Saudi crown prince once said he could kill King Abdullah in three years, says U.S. businessman

Former Saudi crown prince Muhammad bin Nayef, whom the kingdom’s second heir and successor has put in charge of counterterrorism efforts, once said he could kill King Abdullah within three years, according to the former intelligence official.

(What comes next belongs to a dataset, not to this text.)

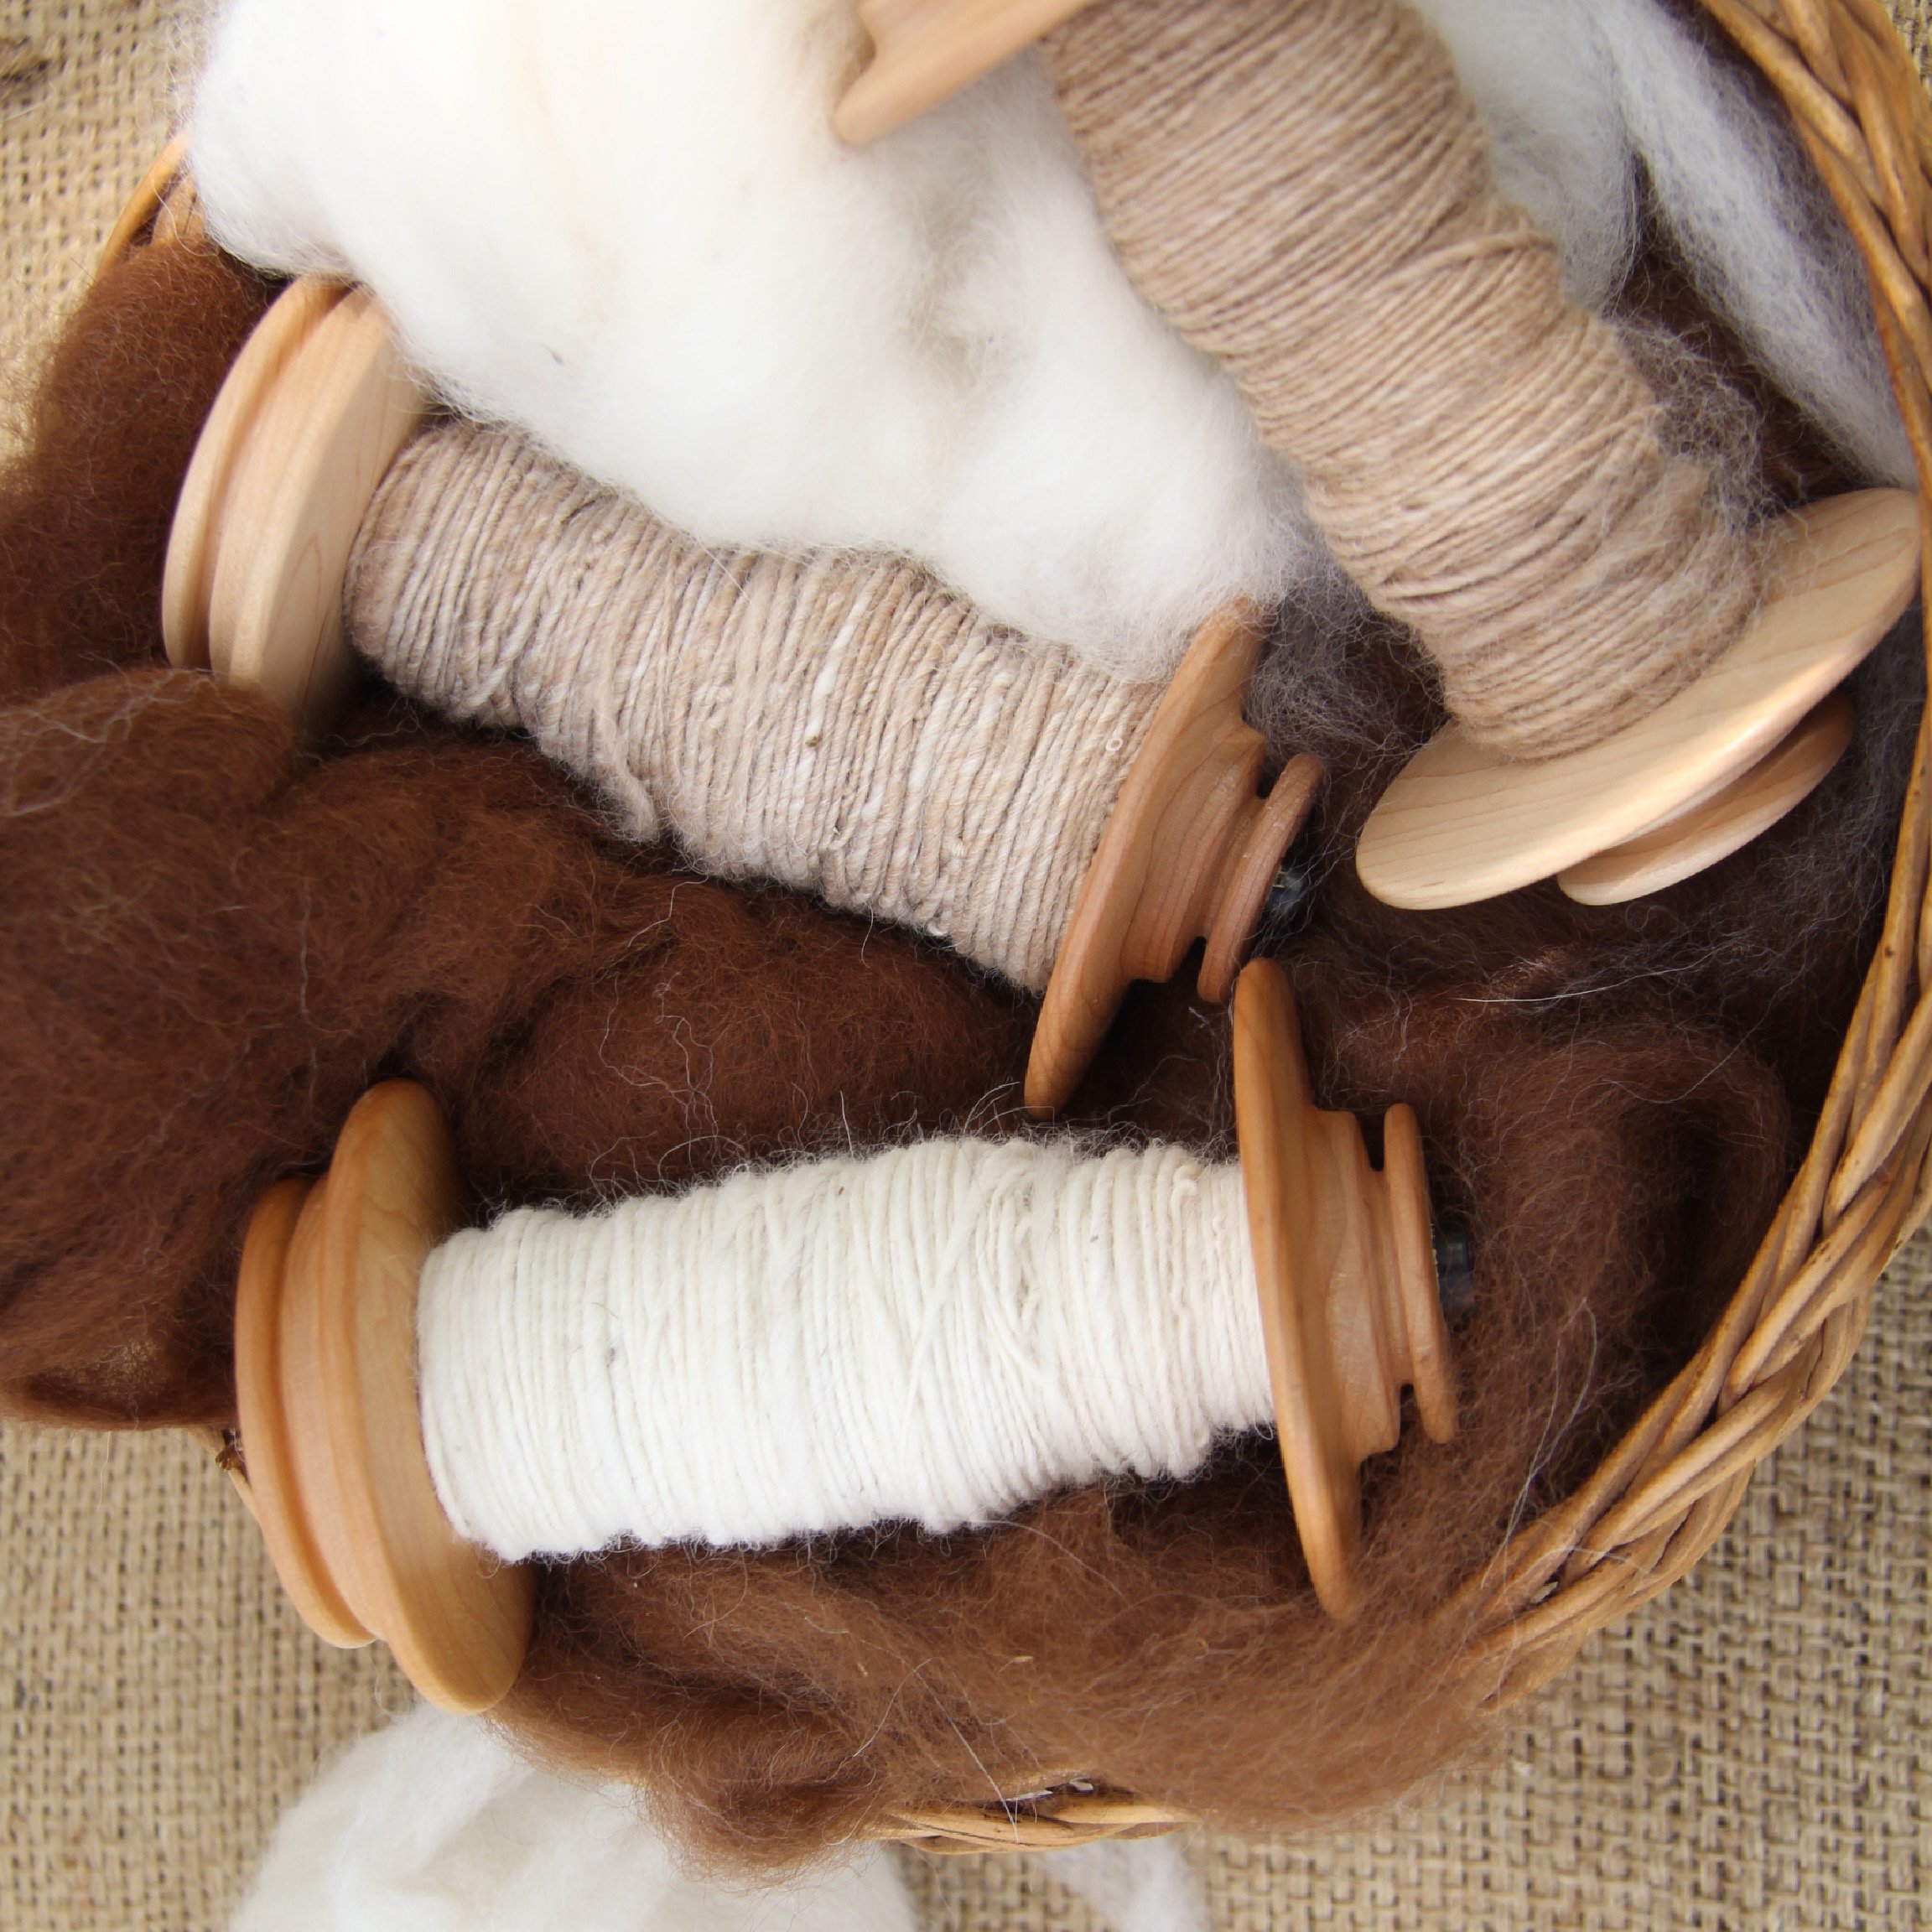 Handspun Yarn, Chocolate Color, Natural Fleece, Jacob Wool, Bulky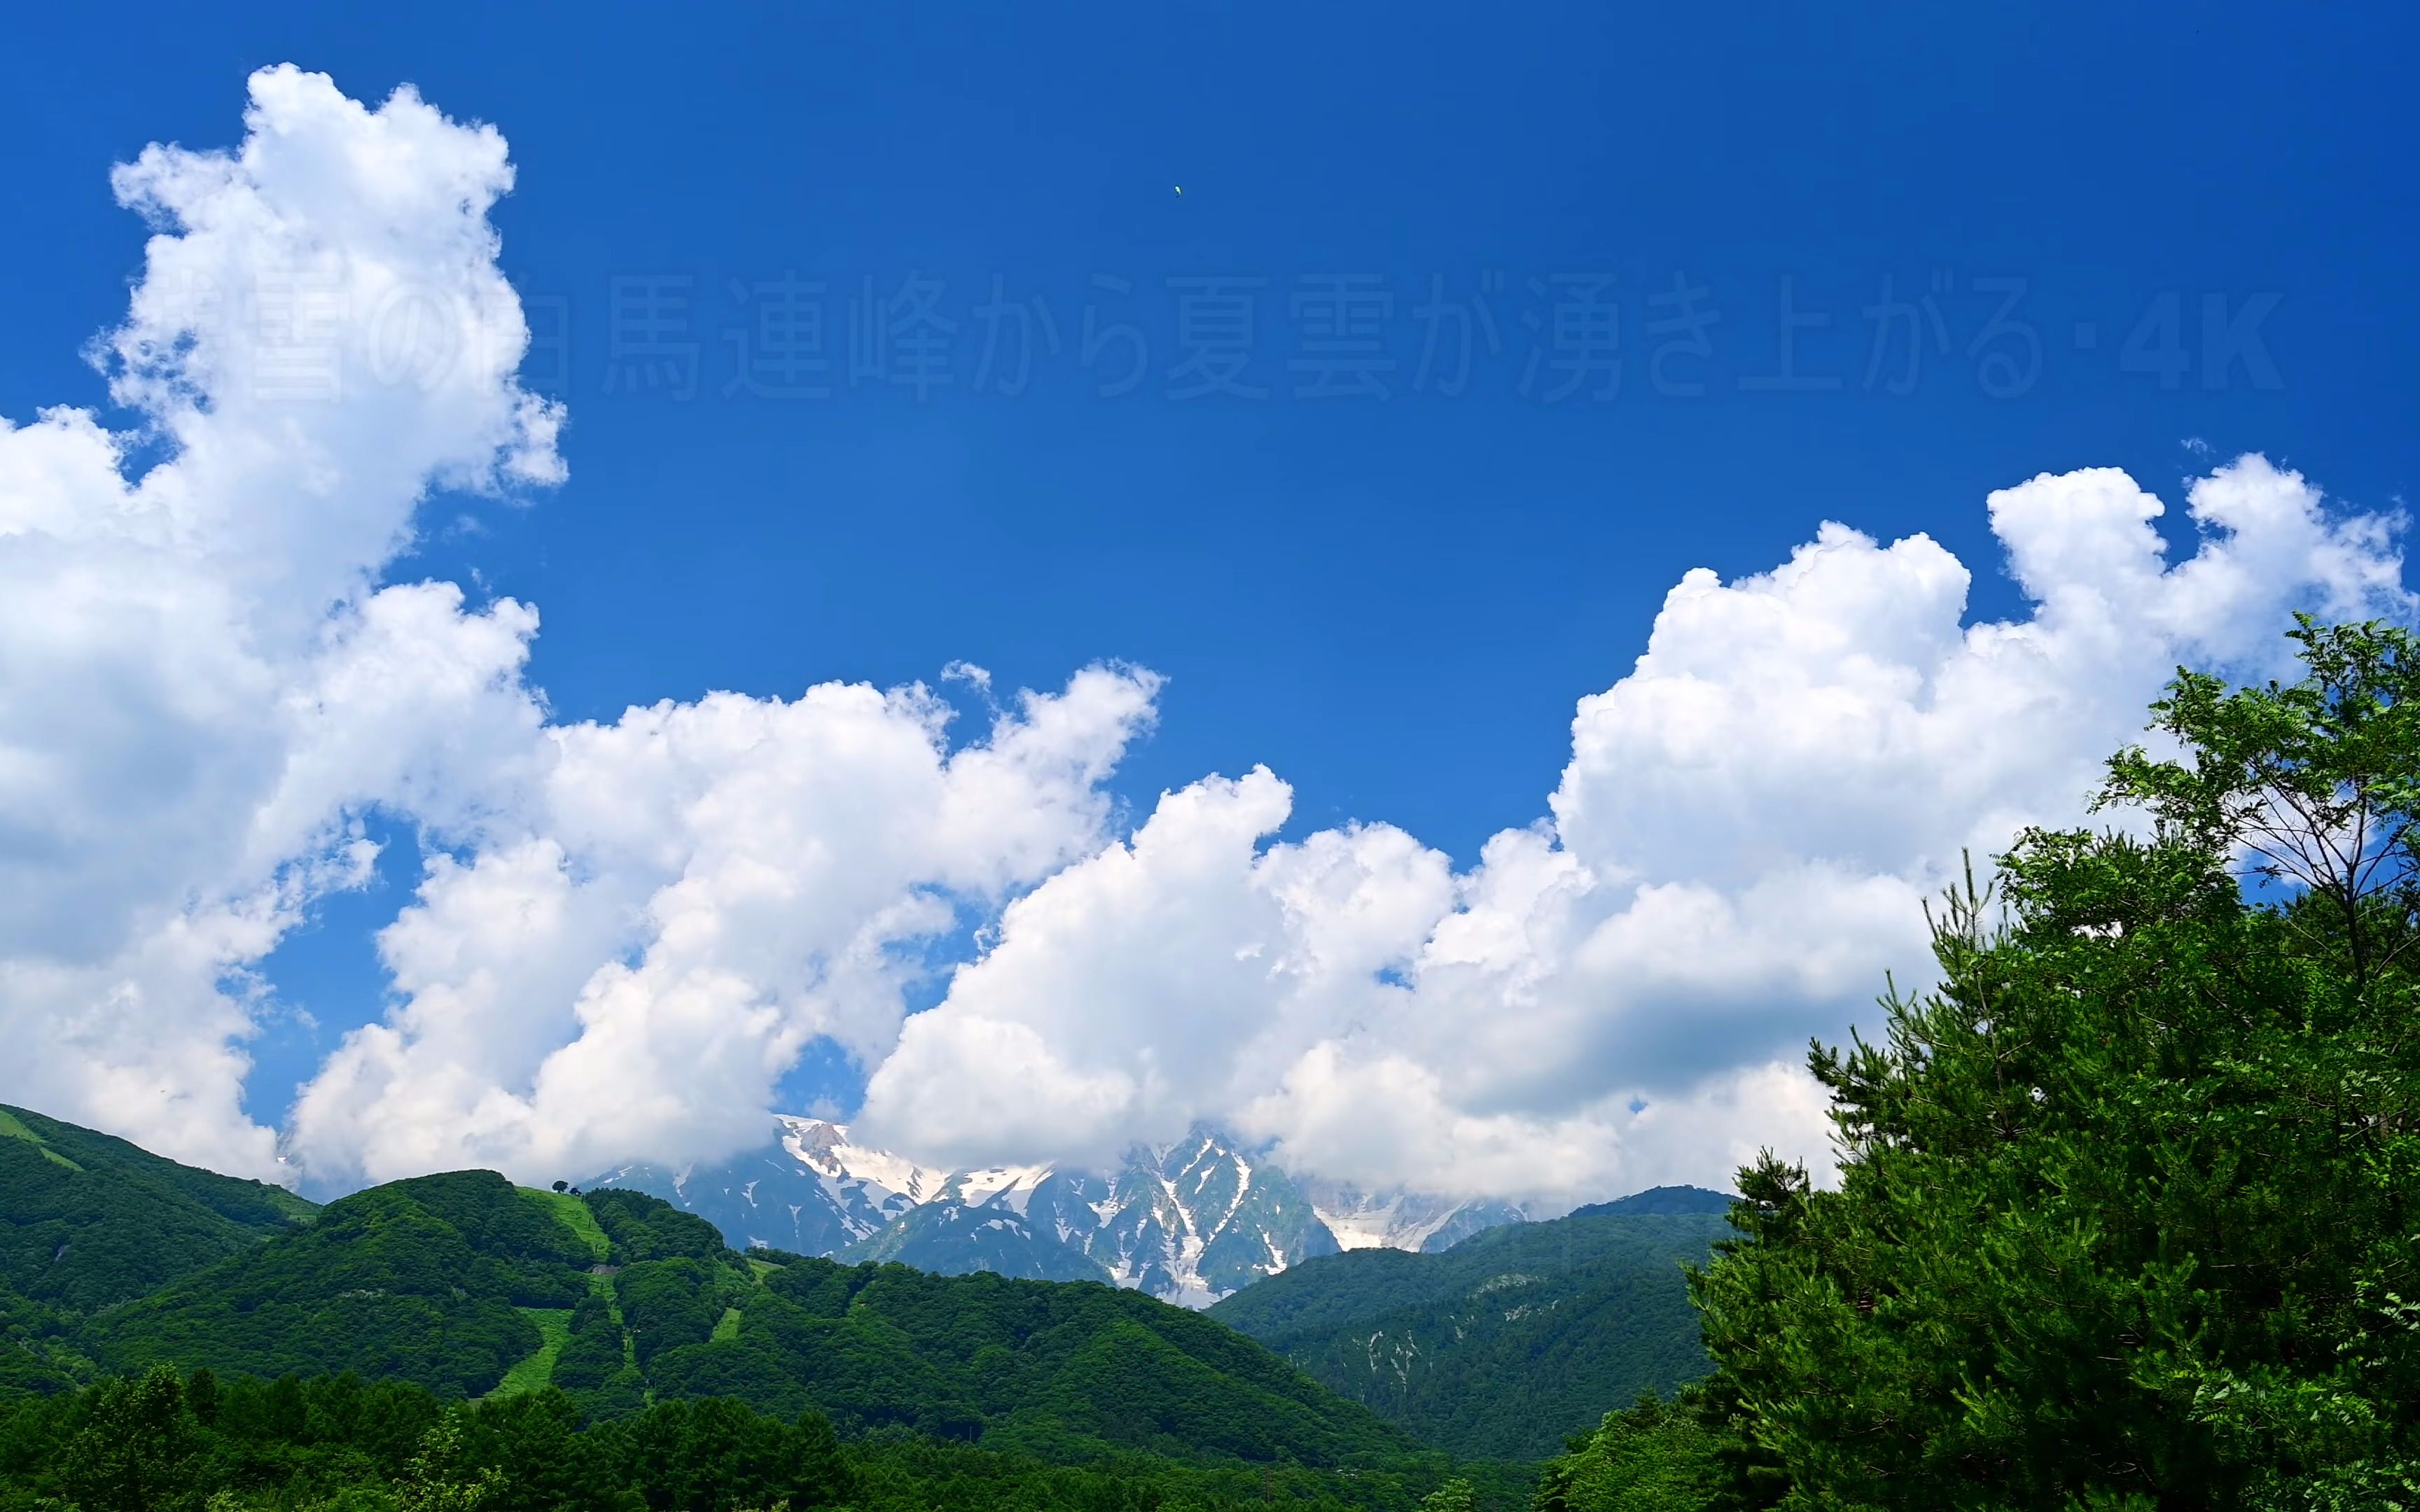 【超清日本】第一视角 从残雪的白马连峰涌出夏云 (4K超清版) 2022.7

The threat to King Abdullah, who died in January, was never carried out, Bin Nayef, then counterterrorism chief, told Ali Shalaby, a U.S. businessman, in 2014 at a Washington dinner.

Bin Nayef, 63, is now the only man in line to succeed King Salman as ruler of the world’s most populous Arab nation, according to Saudi sources, Saudi sources, a Saudi diplomatic source and a Western diplomatic source, all of whom spoke on condition of anonymity.

The Saudis’ modern-day crown prince, who was reassigned from his post as interior minister in early 2015 to a post at the royal court overseeing preparations for the king’s abdication, is known in Washington for his calm demeanor and ability to work across the Saudi political spectrum.

Bin Nayef’s role as the kingdom’s chief counterterrorist officer was made possible after Crown Prince Salman removed his father from that post in early 2015. Saudi officials have not commented on the reasons for the prince’s reassignment.